**TASK TO CARRY OUT**
The expected answer is a single number, namely how many lines in the data below hold the word "Glass".

═════ RECORDS SHOWN

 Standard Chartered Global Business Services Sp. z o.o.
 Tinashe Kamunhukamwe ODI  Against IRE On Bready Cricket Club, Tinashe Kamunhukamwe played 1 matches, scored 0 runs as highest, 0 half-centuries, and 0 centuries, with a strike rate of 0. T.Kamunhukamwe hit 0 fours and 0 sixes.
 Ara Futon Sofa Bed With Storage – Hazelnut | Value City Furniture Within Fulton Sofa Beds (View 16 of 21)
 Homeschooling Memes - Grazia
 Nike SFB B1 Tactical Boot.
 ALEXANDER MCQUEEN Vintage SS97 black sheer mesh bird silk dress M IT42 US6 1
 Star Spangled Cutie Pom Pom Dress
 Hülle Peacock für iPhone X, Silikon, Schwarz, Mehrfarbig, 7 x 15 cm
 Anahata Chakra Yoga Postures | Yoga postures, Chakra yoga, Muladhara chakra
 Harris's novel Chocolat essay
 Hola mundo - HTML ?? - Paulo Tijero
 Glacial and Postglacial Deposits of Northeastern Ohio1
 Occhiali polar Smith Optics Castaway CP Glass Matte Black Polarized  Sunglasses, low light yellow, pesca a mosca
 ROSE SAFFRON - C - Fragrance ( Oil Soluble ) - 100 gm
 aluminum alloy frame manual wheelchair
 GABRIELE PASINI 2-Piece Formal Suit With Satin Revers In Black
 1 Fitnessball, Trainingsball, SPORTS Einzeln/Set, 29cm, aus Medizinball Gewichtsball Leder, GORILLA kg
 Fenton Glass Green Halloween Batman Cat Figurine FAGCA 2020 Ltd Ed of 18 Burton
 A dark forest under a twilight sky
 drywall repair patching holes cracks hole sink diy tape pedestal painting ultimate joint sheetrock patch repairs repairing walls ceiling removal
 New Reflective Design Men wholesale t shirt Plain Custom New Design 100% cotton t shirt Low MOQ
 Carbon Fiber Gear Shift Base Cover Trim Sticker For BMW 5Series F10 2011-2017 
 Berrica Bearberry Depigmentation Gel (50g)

══════════

**REPLY TO THE EXERCISE**
2